Similarly, I think the biggest bottleneck in Spack is core developer and package maintainer time. We’ve been able to gradually expand the number of people who own some aspect of the project — giving more people commit access and encouraging more groups to work on their own features and contribute them back. Having lots of people who feel empowered to work on the project and speak about it helps tremendously, and it means that often, people don’t have to go to the core developers to get help. They can just ask online and someone will answer. I don’t think we could continue to grow without that.

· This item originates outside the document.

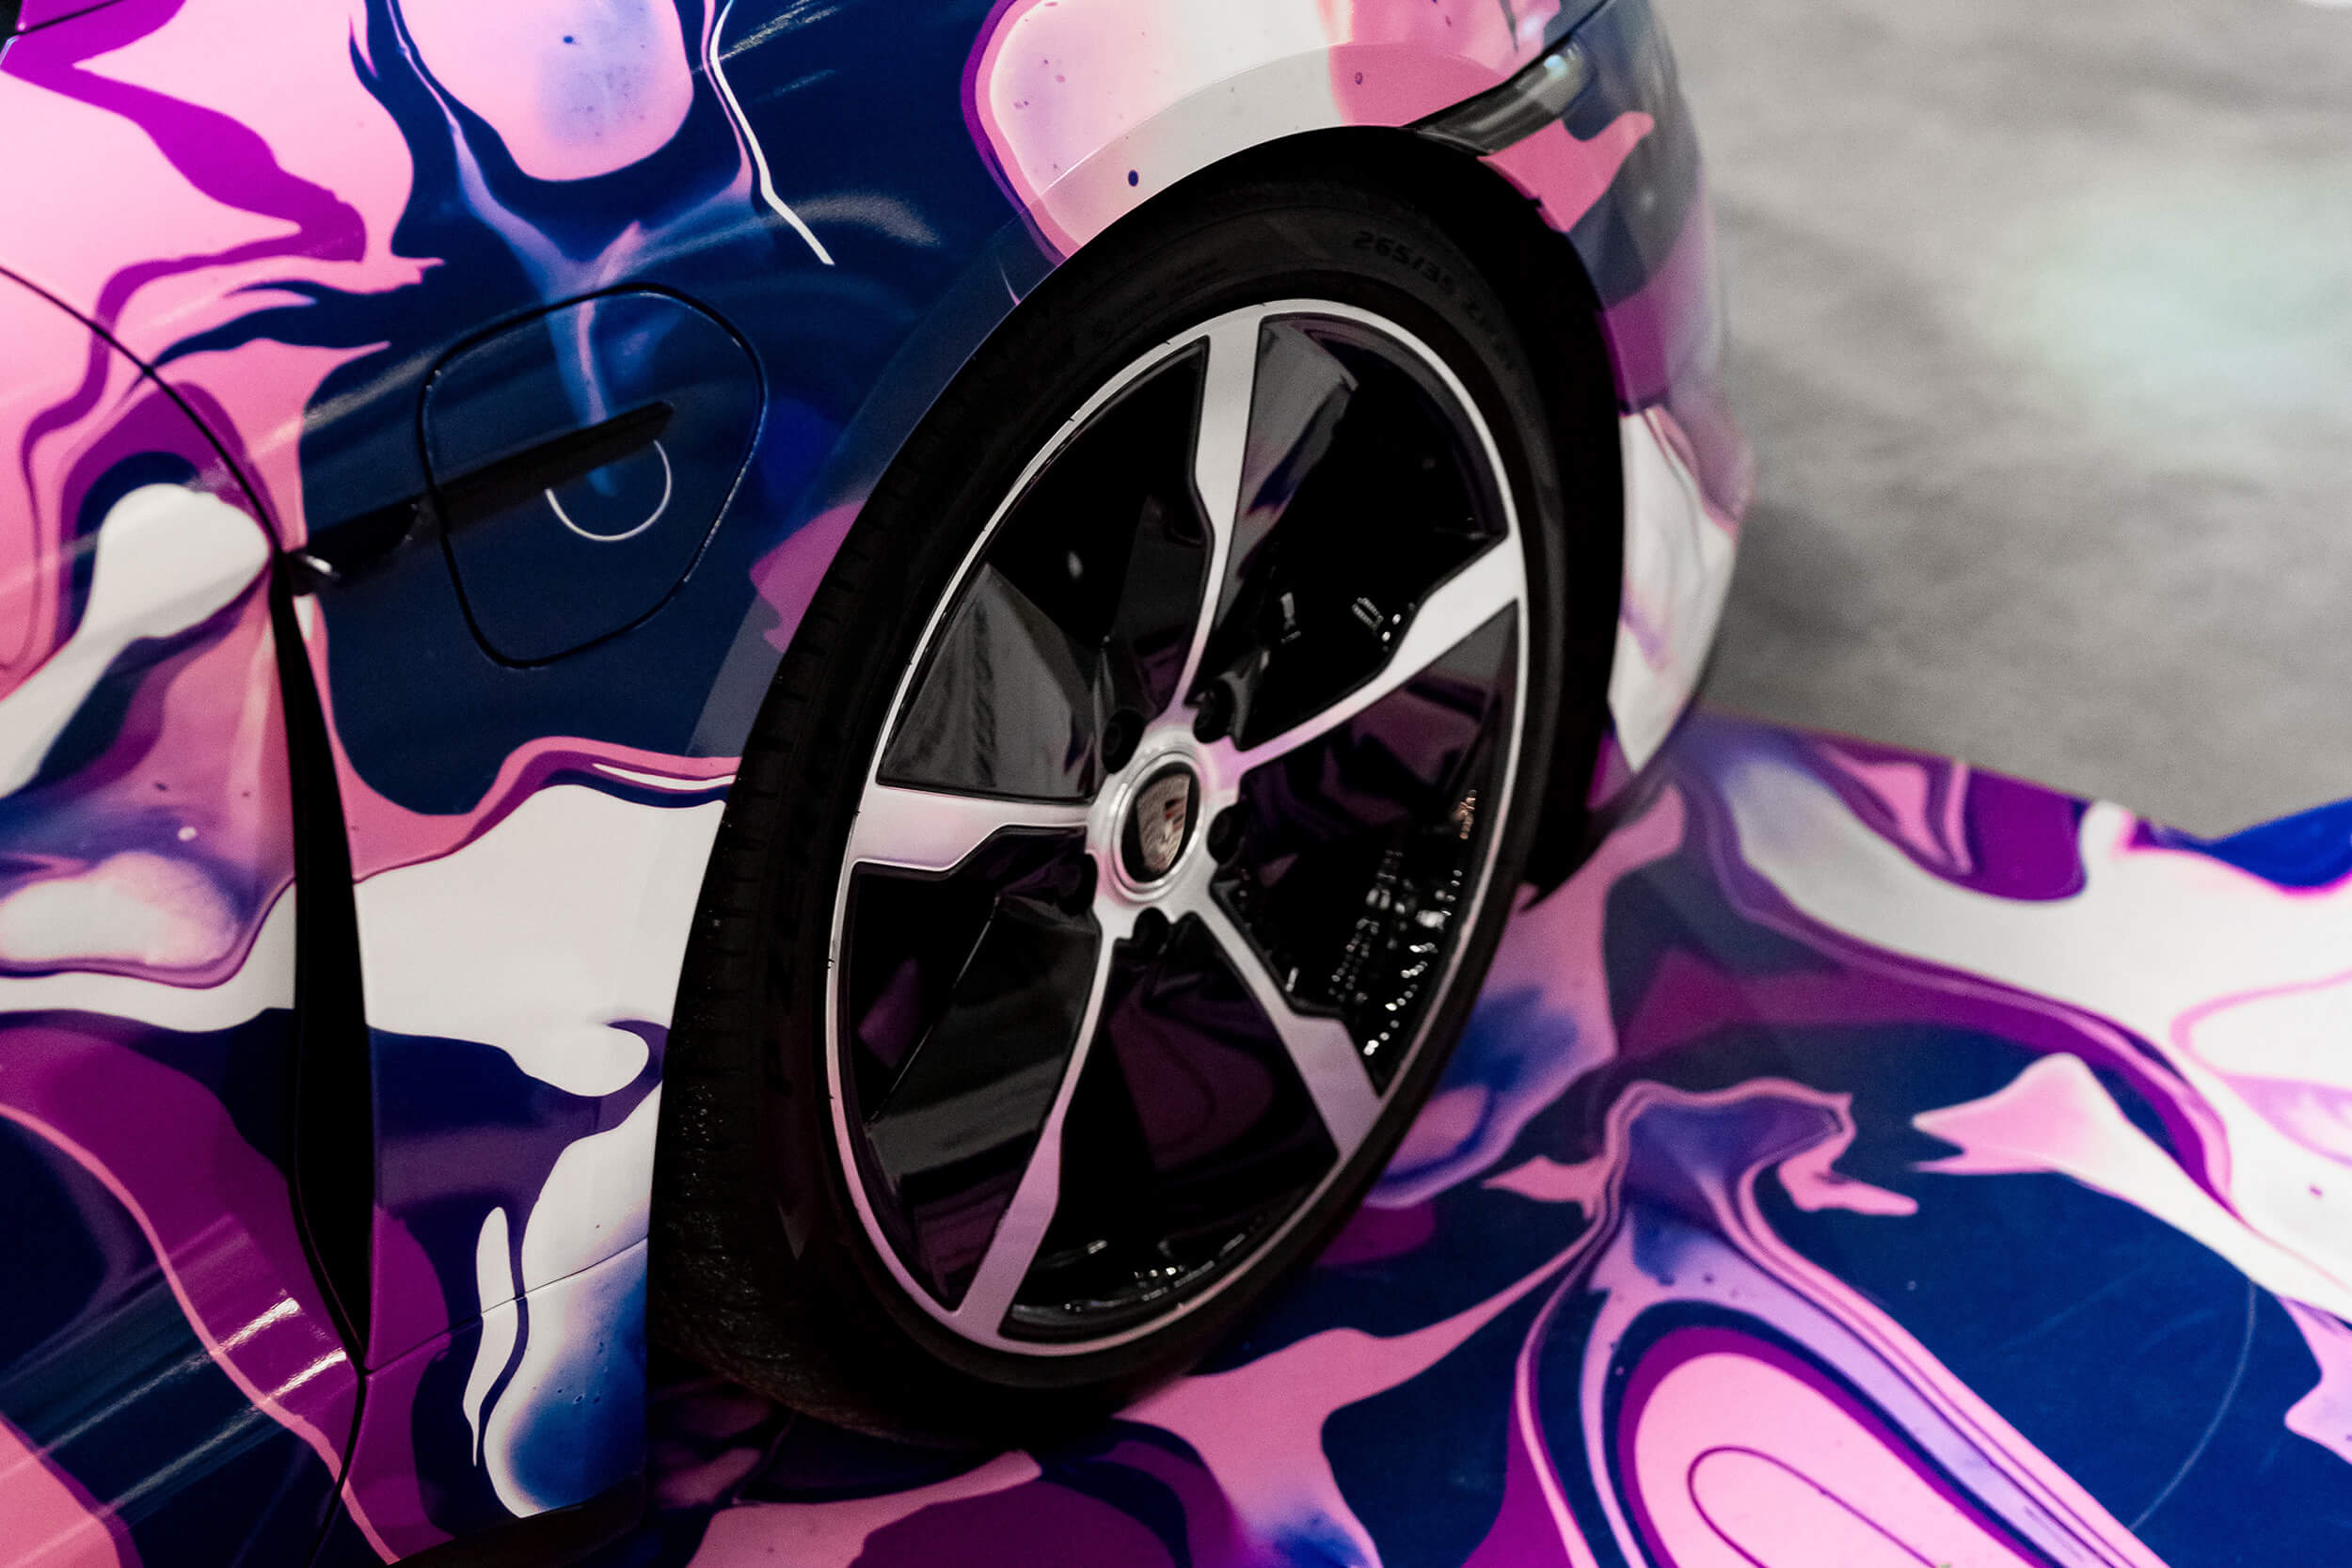 Craig Black x Porsche_Acrylic Fusion Texture_Taycan Car

Todd Gamblin is a Computer Scientist in the Advanced Technology Office in Livermore Computing at Lawrence Livermore National Laboratory. His research focuses on scalable tools for measuring, analyzing, and visualizing parallel performance data. In addition to his research, Todd leads LLNL's DevRAMP (Reproducibility, Analysis, Monitoring, and Performance) team. He is the creator of Spack, a popular HPC package management tool, and he leads the Software Packaging Technologies area in the U.S. Exascale Computing Project. Todd has been at LLNL since 2008. He received the Early Career Research Award from the U.S. Department of Energy in 2014. He received Ph.D. and M.S. degrees in Computer Science from the University of North Carolina at Chapel Hill in 2009 and 2005, and his B.A. in Computer Science and Japanese from Williams College in 2002.
Elaine Raybourn is a social scientist in the Statistics and Human Systems Group (Applied Cognitive Science) at Sandia National Laboratories. Her research focuses on virtual teams, software developer productivity, and transmedia learning. She has worked remotely for a combined total of 14 years while at Sandia National Laboratories: from the UK as a guest researcher at British Telecom Global Research and Development; Germany (Fraunhofer - FhG FIT) and France (French National Institute for Computer Science - INRIA) as a Fellow of the European Research Consortium in Informatics and Mathematics (ERCIM), and most recently from Orlando, Florida as Sandia's Institutional PI for Interoperable Design of Extreme-scale Application Software (IDEAS-ECP). She also leads the IDEAS Productivity project panel series on Strategies for Working Remotely.